Used a plastic mask blank for the base, tissues for the top layer of mache to give it texture, and a few scraps of burlap.


----------



## Headless (Sep 4, 2011)

Love it - great job!


----------



## kprimm (Mar 14, 2009)

That's pretty creepy.


----------



## Pumpkin5 (Aug 8, 2010)

:jol: Really great Scarecrow head! I love the twisted look and the burlap is definitely a nice touch. Now all he needs is a body and there'll be no crows at your house!


----------



## RoxyBlue (Oct 6, 2008)

This has a uniquely primitive, aboriginal look to it.


----------



## Wildcat (Nov 3, 2007)

Great looking mask!


----------



## fontgeek (Jul 24, 2006)

Build your scarecrow so that it can be taken apart for storage.
Traditional scarecrows were a couple of branches lashed together covered by old clothing stuffed with straw, with a stuffed sack and an old hat for the head. You can build yours the same way, or, if you prefer, use PVC pipe and fittings for the framework, but the point is you can make your scarecrow easily storable during the offseason, just use your imagination.


----------



## Sawtooth Jack (Apr 9, 2011)

Love the color you achieved for the face. Has a real aged and dry leather look to it.


----------



## nimblemonkey (Aug 21, 2011)

I agree with Roxy- it almost looks like a shrunken head! So I guess you achieved the corpsey look- great job!


----------



## Spooky1 (Aug 25, 2008)

The mask looks fantastic. I love the style, it will make a great scarecrow.


----------



## Just Whisper (Jan 19, 2009)

Very unique and scary. I am liking this.


----------



## Lord Homicide (May 11, 2012)

dude that's awesome


----------



## ladysherry (Jan 25, 2012)

I really like his look. What type/color stain or paint did you use? I want one too


----------



## VexFX (Sep 27, 2011)

Looks great!


----------



## NoxRequiem (Feb 25, 2011)

ladysherry said:


> I really like his look.
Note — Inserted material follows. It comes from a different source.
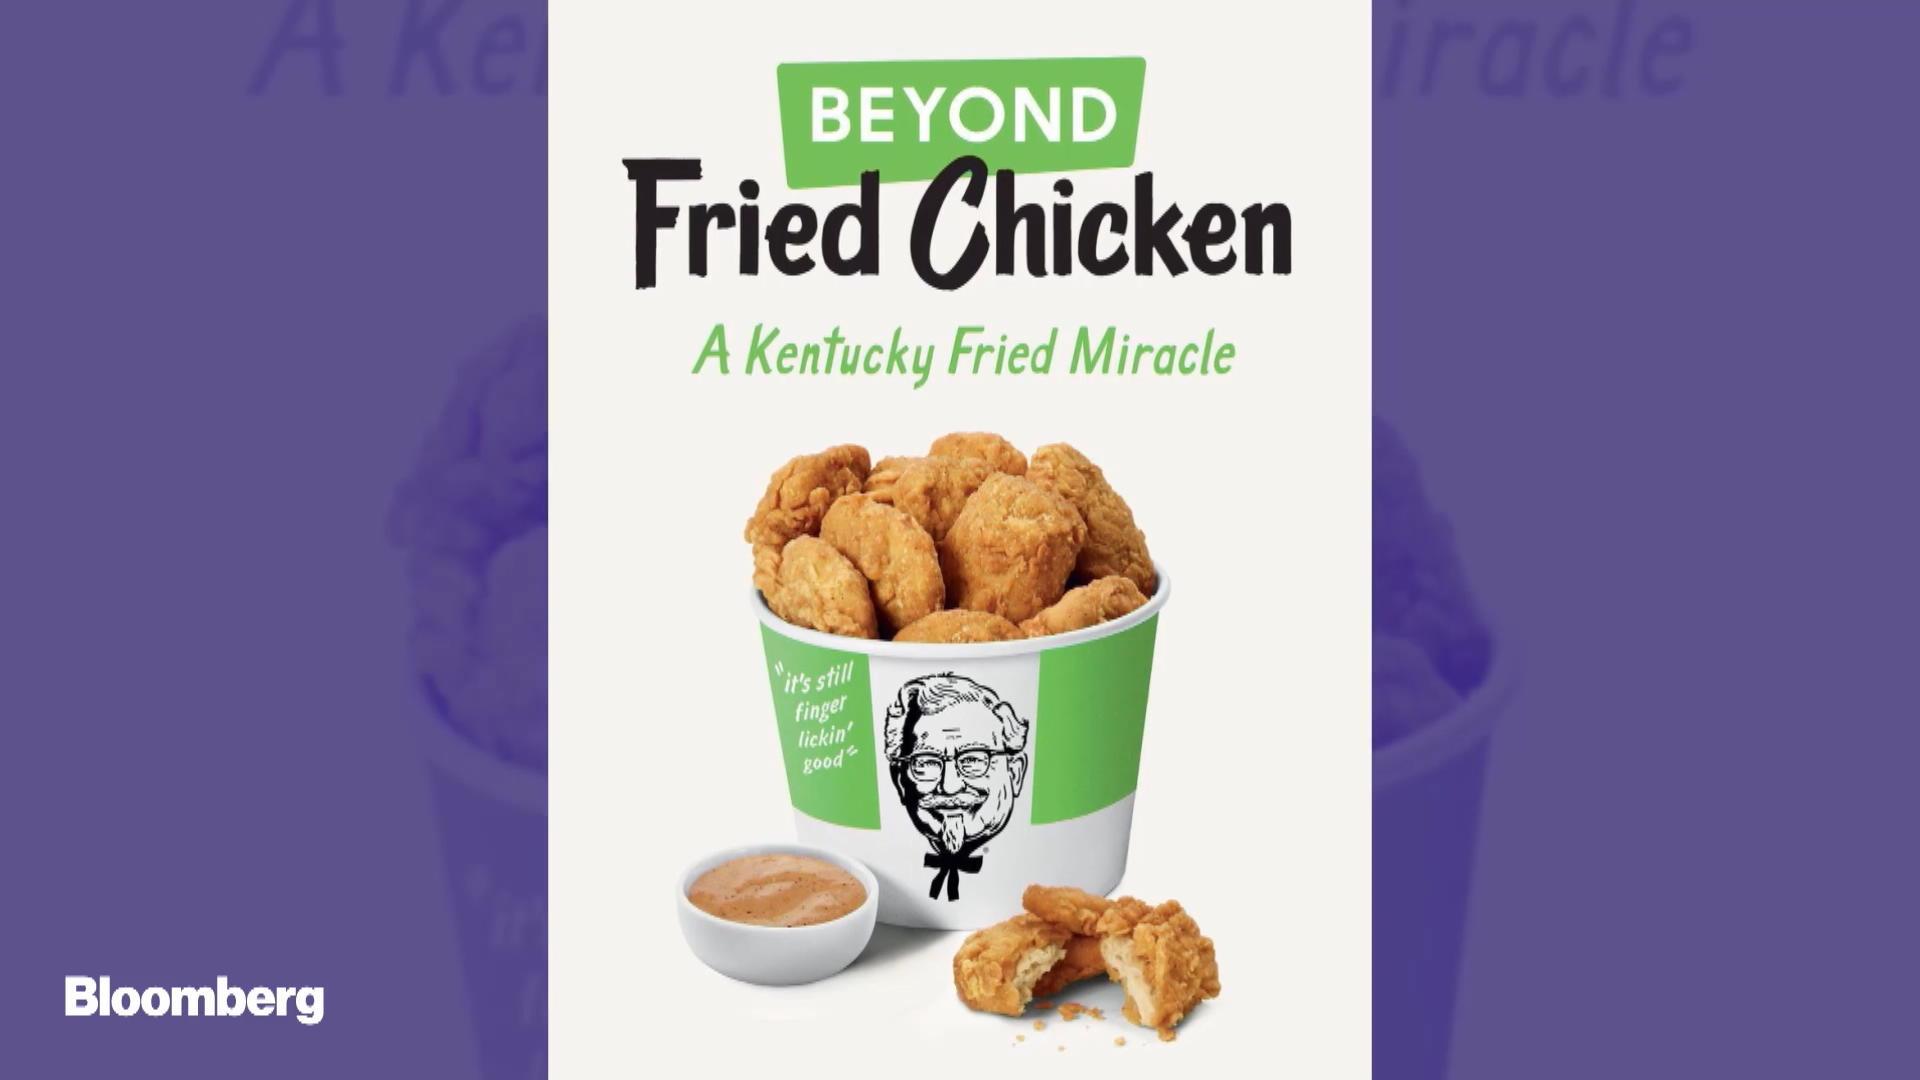 Beyond Meat (BYND) Fried Chicken Taste Test at KFC (YUM

What type/color stain or paint did you use? I want one too


All coloring was done simply with acrylic paint.


----------



## Monk (Aug 26, 2008)

love it!


----------



## fick209 (Aug 31, 2009)

Great scarecrow head! Love the color!


----------



## typoagain (Feb 27, 2012)

Very, very nice.

I wonder......................If I put tjhis guy on a scarecrow in my front yard, do you think it would keep the doves from taking a dump on my Jeep? LOL!


----------



## CreeepyCathy (Mar 28, 2009)

wicked! love it!


----------